Figure 4 EST-SSR verification profiles of 10 accessions from Sacchraum, and single accessions from maize and sorghum each detected by polyacrylamide gel electrophoresis. The EST-SSR profiles with PW2-23, PW2-28, and PW2-29 primer pairs were visualized by silver staining. Lanes 1 to 12 were Yunrui05-782, Yunrui05-767, S. robustum, S. spontaneum, ROC22, ROC10, Guitang28, Guitang32, Funong40, Funong39, B73 (Maize), Z3116 (Sorghum), respectively. M, BM2000 + 1.5K DNA marker. The arrows show the expected PCR products/potential amplicons.

Additionally, we gained more insights by integrating in-silico PCR analysis and amplification of three primer pairs for each locus. We detected expected PCR products containing SSR loci in both in-silico PCR analysis and PCR amplification for all three primer pairs in sugarcane. Notably, unexpected PCR bands were amplified for three primer pairs.
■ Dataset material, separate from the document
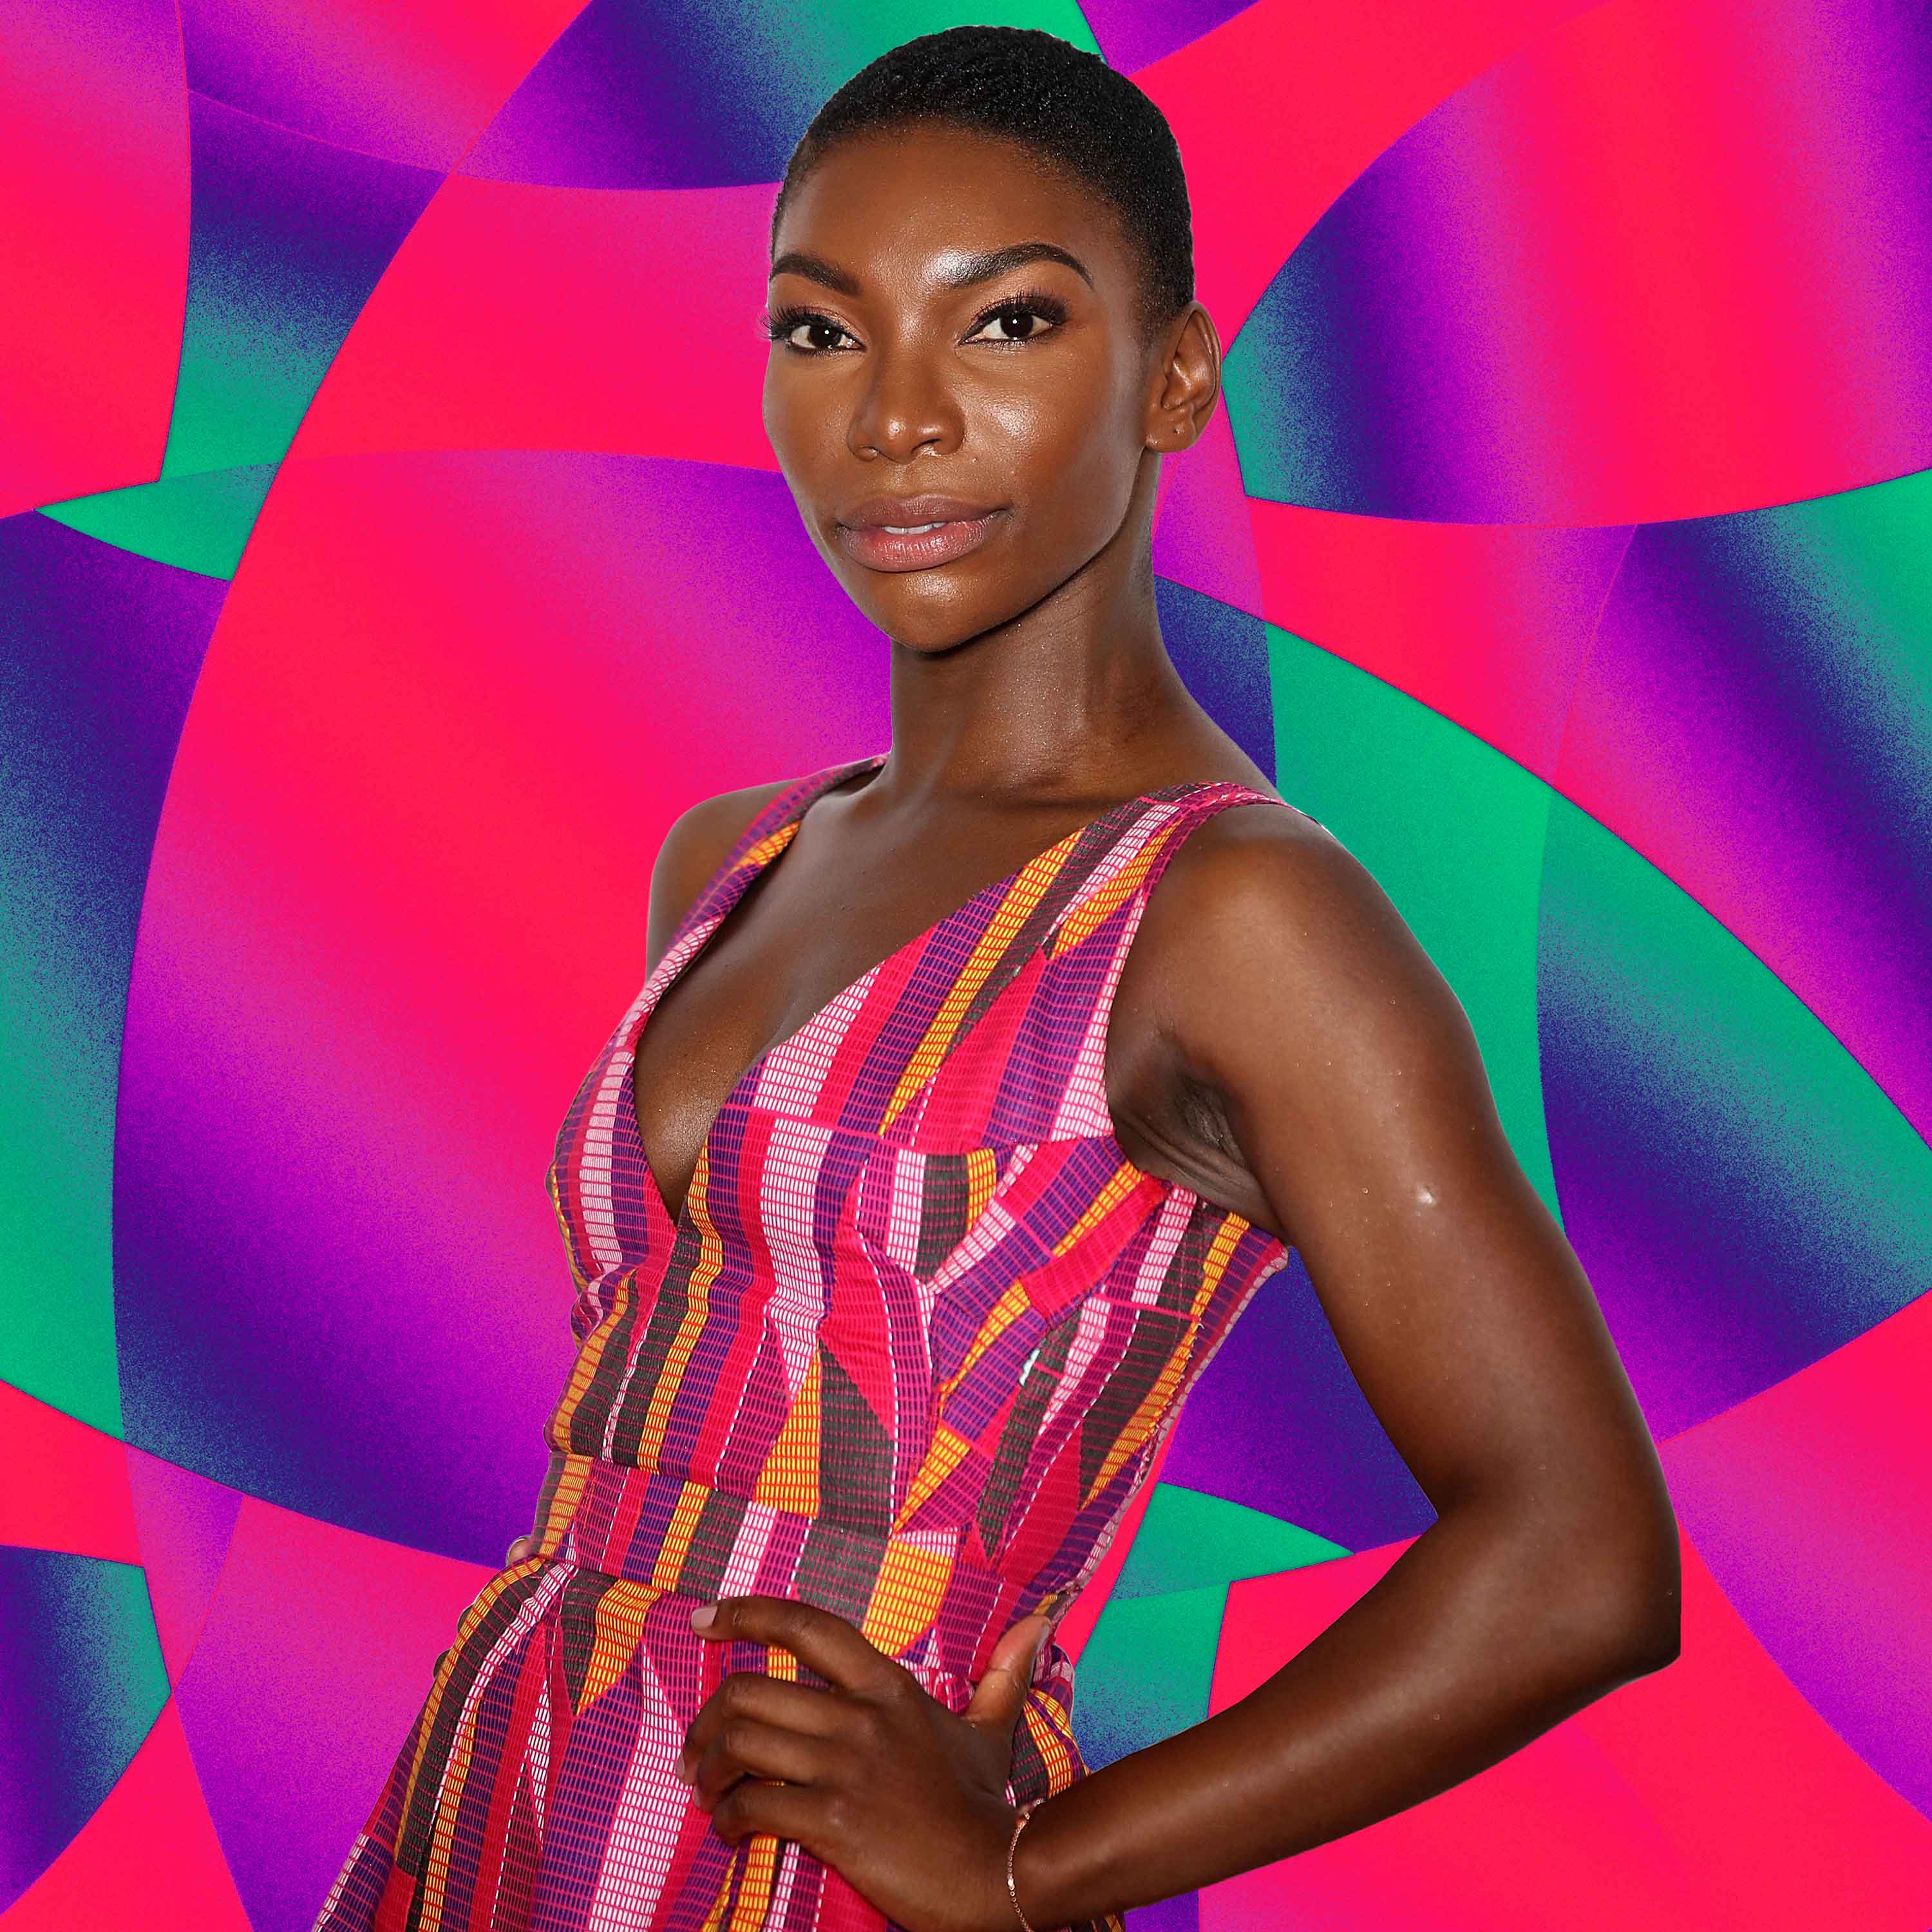 ‘Chewing Gum’ Star Michaela Coel Has Her Mom to Thank for Stunning BAFTA Look

However, potential amplicons with long fragments, especially more than 1000 bp, were not amplified in maize and sorghum (Table 4 and Figure 4). Additionally, the 265/266 bp bands amplified with primer PW2-23 fully matched in sugarcane and maize were amplified successfully, while the partially matched potential amplicon of 265 bp in sorghum was also amplified. However, for primer pairs PW2-28 and PW2-29, no potential amplicon of the expected PCR products was found in maize and sorghum (Table 4). Nonetheless, an almost identical PCR pattern to sugarcane was observed in maize and sorghum (Figure 4).

TABLE 4

Table 4 Potential amplicon analysis results with PW2-23, PW2-28, and PW2-29 primer pairs in sugarcane (S. spontaneum), Maize (B73) and Sorghum (Z3116) genome.

3.4 Functional annotation of sugarcane unigenes harboring the SSRs

To explore the potential functions of SSR-containing unigenes, all of these unigenes were annotated against the publicly available functional databases. This analysis indicated that 38.75% of unigenes were associated with GO, while 43.96% were linked to the KEGG. These SSR-containing unigenes were further classified into three major GO functional categories including, biological process, cellular component, and molecular function (Figure 5A and Supplementary Table S5A). Within biological processes, unigenes related to post-embryonic development, photosynthesis, fruit ripening, DNA metabolic process, flower development, and regulation of molecular function accounted for the largest proportion. The cellular component category primarily represented unigenes involved in peroxisome, cytoskeleton, and mitochondrion. In the molecular function category, the most enriched unigenes were involved in signaling receptor activity, protein binding, structural molecule activity, and transporter activity binding.

FIGURE 5

Figure 5 Summary of functional annotation of SSR-containing unigenes. (A) GO and (B) KEGG represent different classes based on the predicted function of the top 50 SSR-containing unigenes. The y-axis indicates the number of genes in each specific category.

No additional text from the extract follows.